INSIGHT: History shows that the 10-year Treasury yield trends lower after each successive tightening cycle, but inflationary pressures and the repricing of rate hike expectations are serving as upward catalysts.

BOTTOM LINE: In time, the high interest rate sensitivity of the economy and the attractiveness of yield-producing assets will limit how high interest rates can go. Exaggerated economic conditions, rather than a deterioration in credit fundamentals, could lead to opportunities in the corporate and high-yield sectors.

5. Commodities │ You Say You Want An Energy Revolution, Well You Know

INSIGHT: The geopolitical tensions, the start of the Federal Reserves’ tightening cycle, and fears of an inflation-induced recession have caused a volatile start to the year.

BOTTOM LINE: Since a recession is not our base case, a robust macroeconomic backdrop, resilient earnings, attractive valuations, and positive shareholder activity should lead to upside potential for the S&P 500. We remain biased toward the cyclical sectors, but attractive valuations have led to our recent upgrade of Health Care.

6. International │ International Equities Need Some Help!

INSIGHT: The Russia-Ukraine crisis has disproportionately impacted Europe’s economy, as it is particularly dependent on Russia for energy imports.
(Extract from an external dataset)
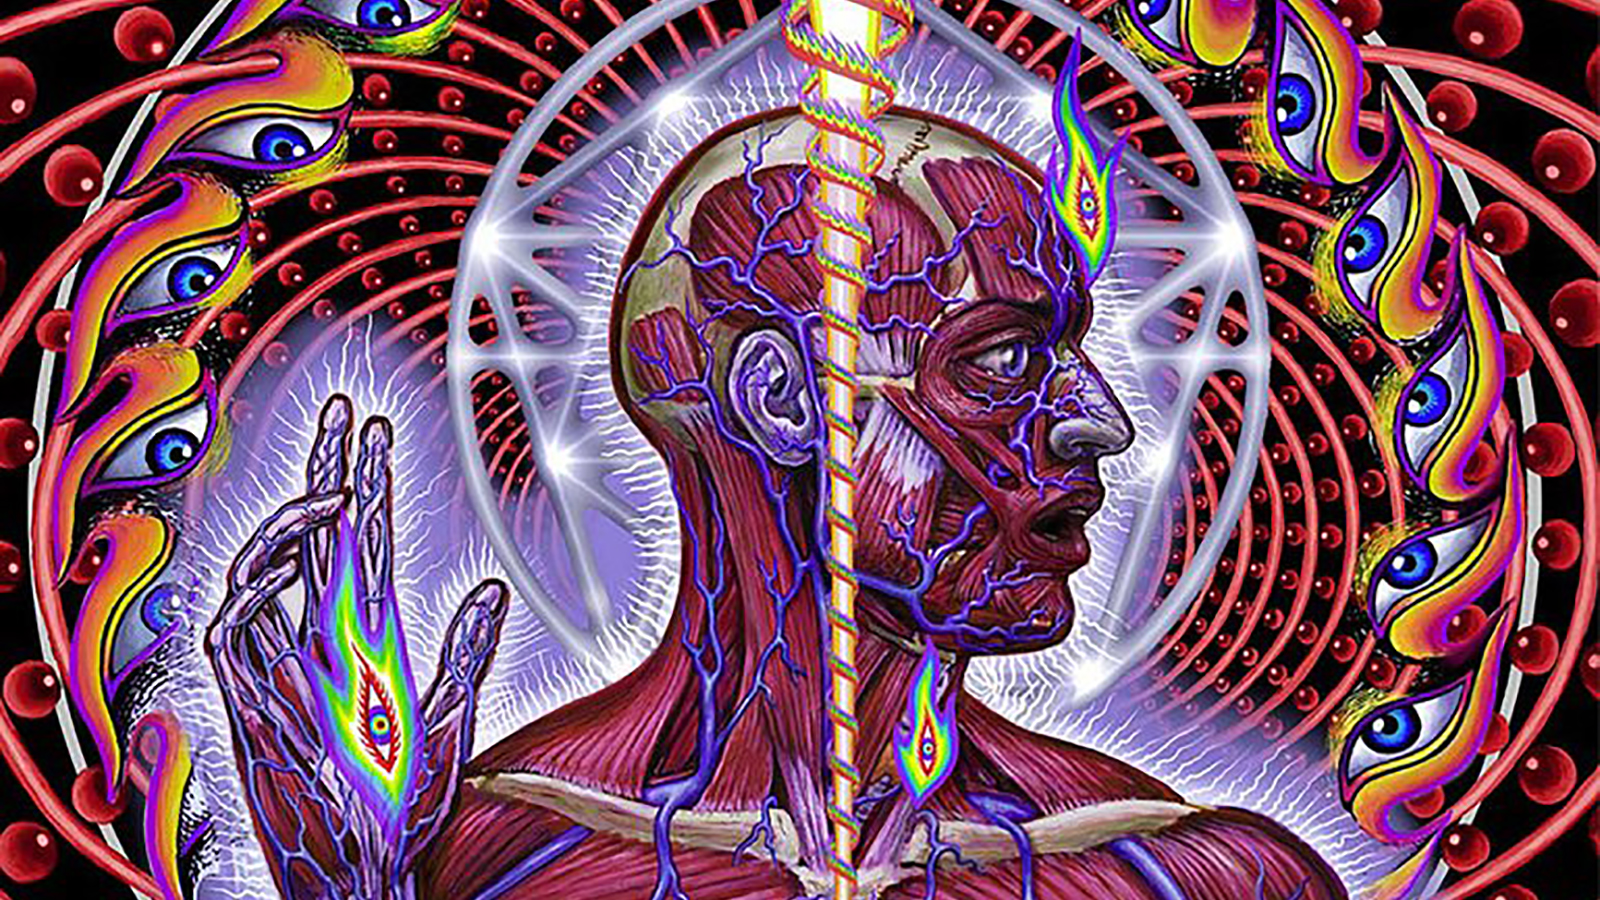 Tool Lateralus

BOTTOM LINE: The crisis has stunted tourism, pushed gas prices to nearly double US levels, put key imports in the crosshairs, and caused the worst European refugee crisis since World War II in a region still grappling with the pandemic. As a result, we continue to favor US equities over the other developed international markets.
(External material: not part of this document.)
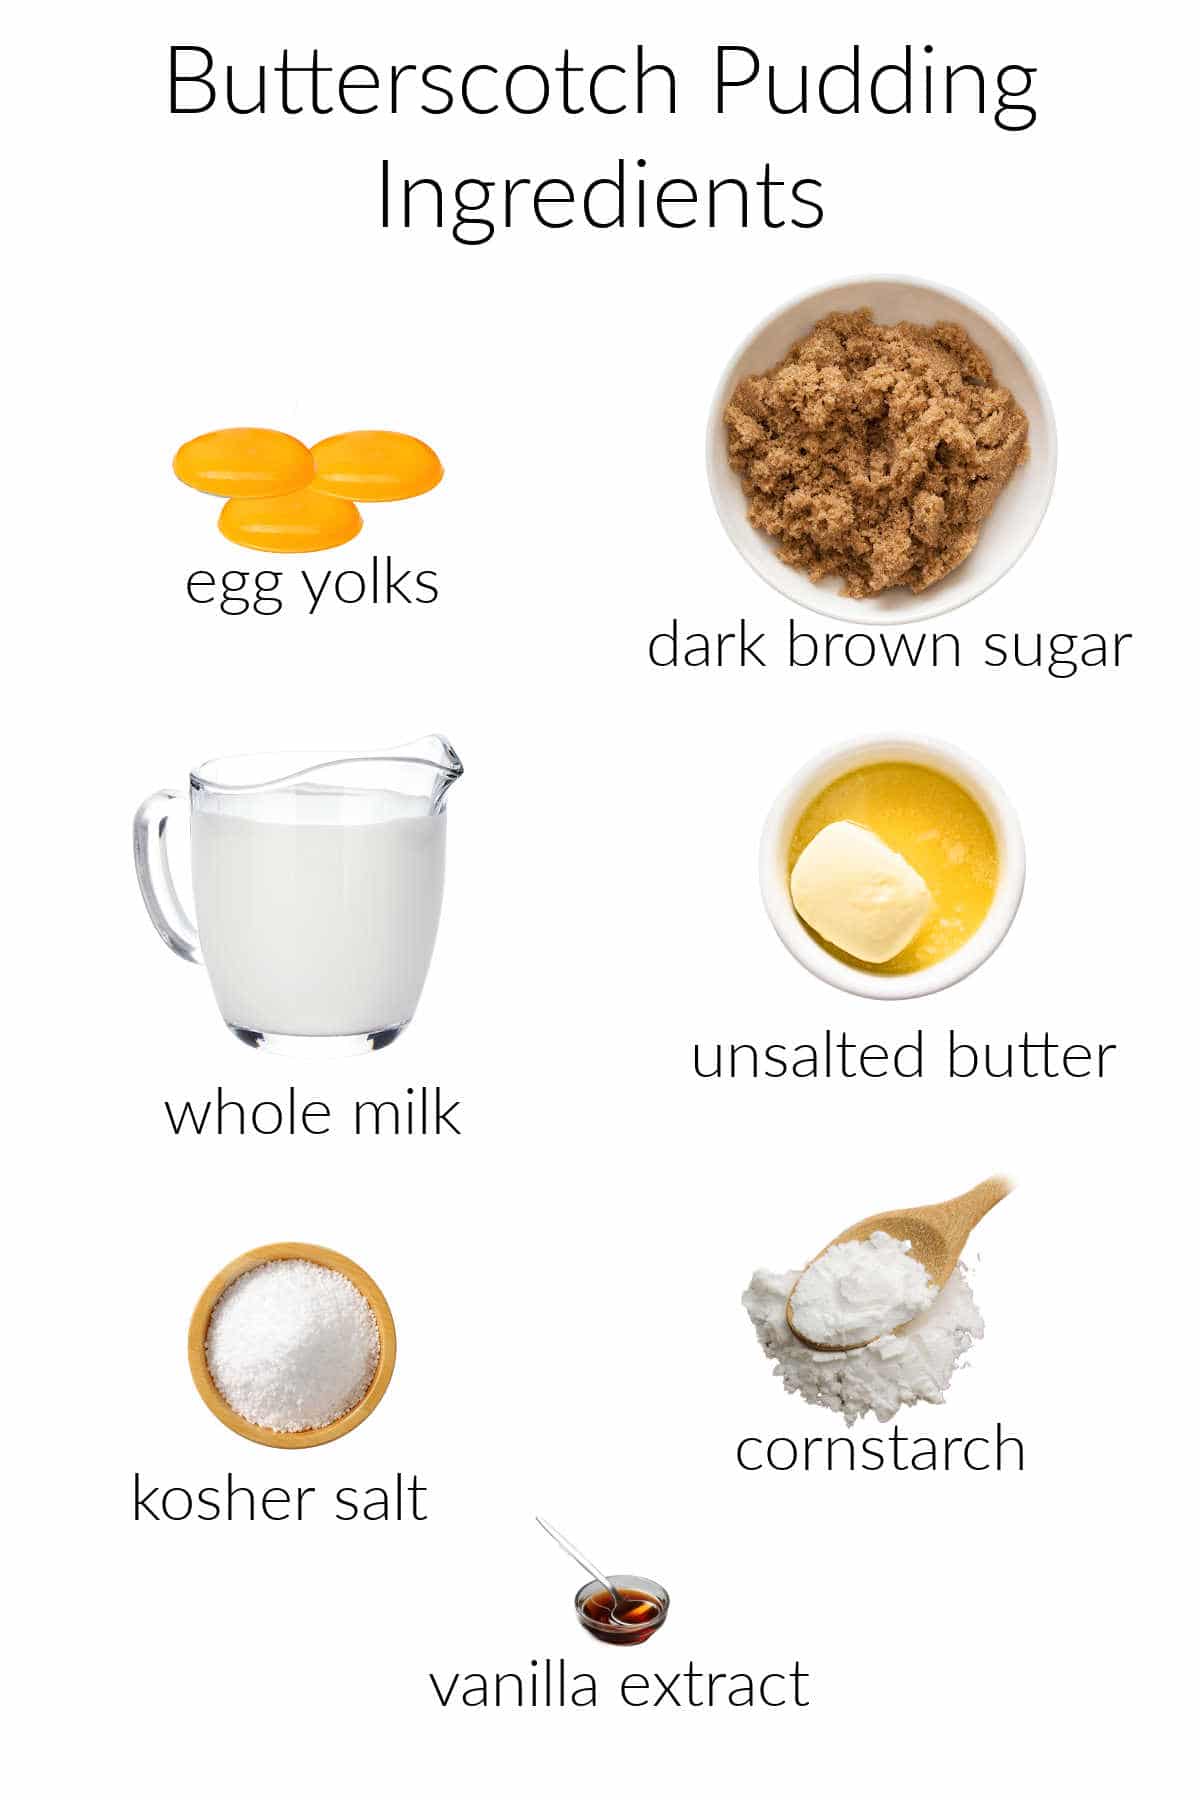 Collage of ingredients for making butterscotch pudding.

7. Equities │ US Equities Still Have The Ticket To Ride Higher

INSIGHT: The US is now much more energy-independent than it was during prior oil crises (e.g.,1970s). Even if the conflict persists in the upcoming months, there are alternative measures to ease the recent volatility in energy prices.
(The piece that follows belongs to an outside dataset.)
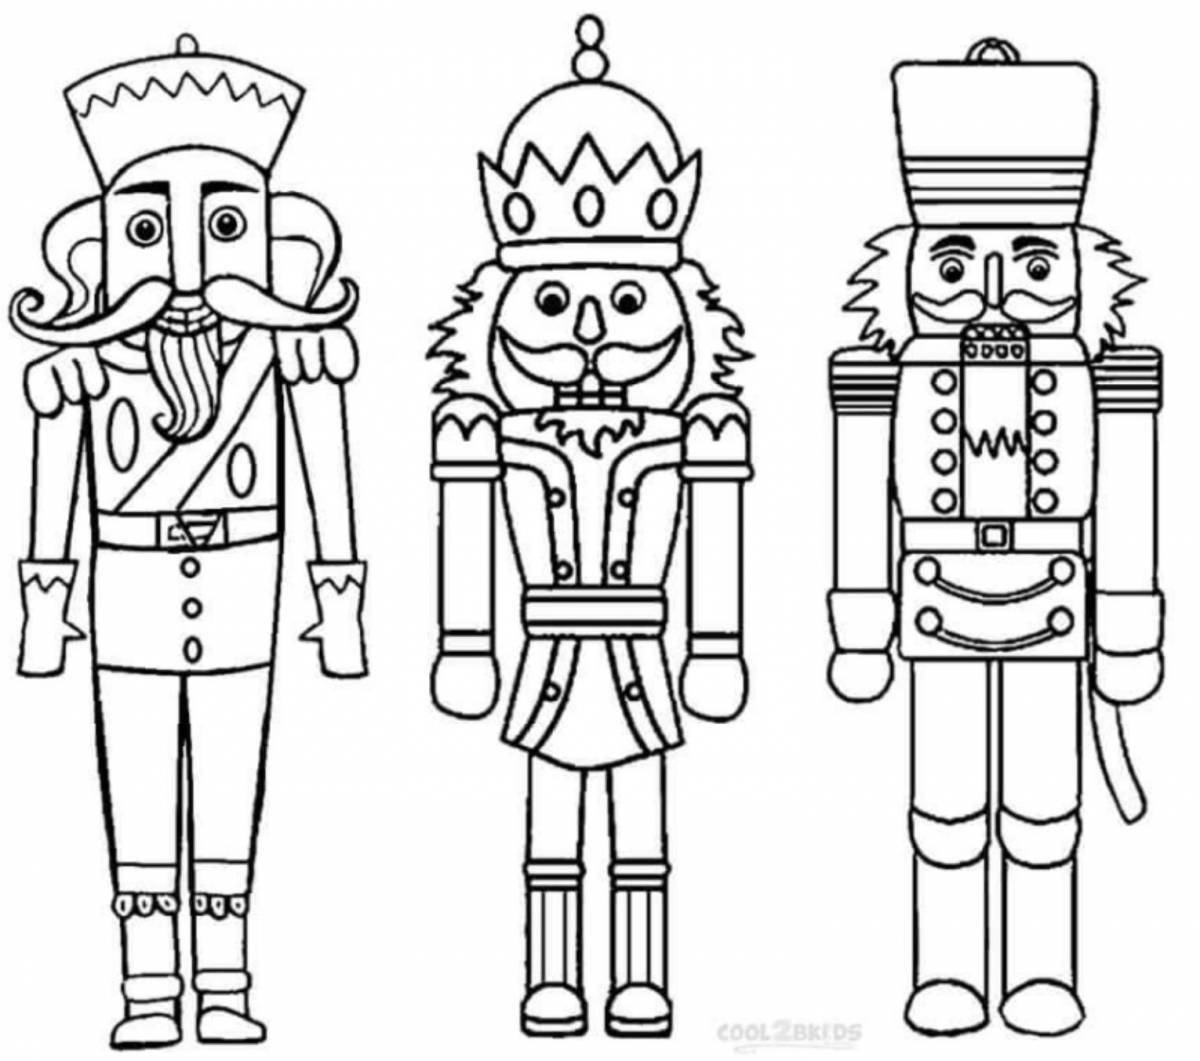 Animated tin soldier coloring page

BOTTOM LINE: The release of strategic reserves and increased production by OPEC and the US should help prices moderate by the end of the year. Higher energy prices should also accelerate the global development and adoption of alternative energy sources such as solar and wind.

8. Asset Allocation │ Get By With A Little Help From Your Advisor

INSIGHT: The combination of geopolitical tensions and the start of the Fed’s tightening cycle has led to a volatile start to the year, and caused the S&P 500’s first 10 % pullback since the pandemic began.

BOTTOM LINE: We remain hopeful for a peaceful resolution in Ukraine, which would validate the historical precedent of geopolitical conflicts being short -lived events so long as they do not coincide with a recession. In the meantime, investors should avoid emotionally -driven decisions, as they are typically detrimental to portfolio performance.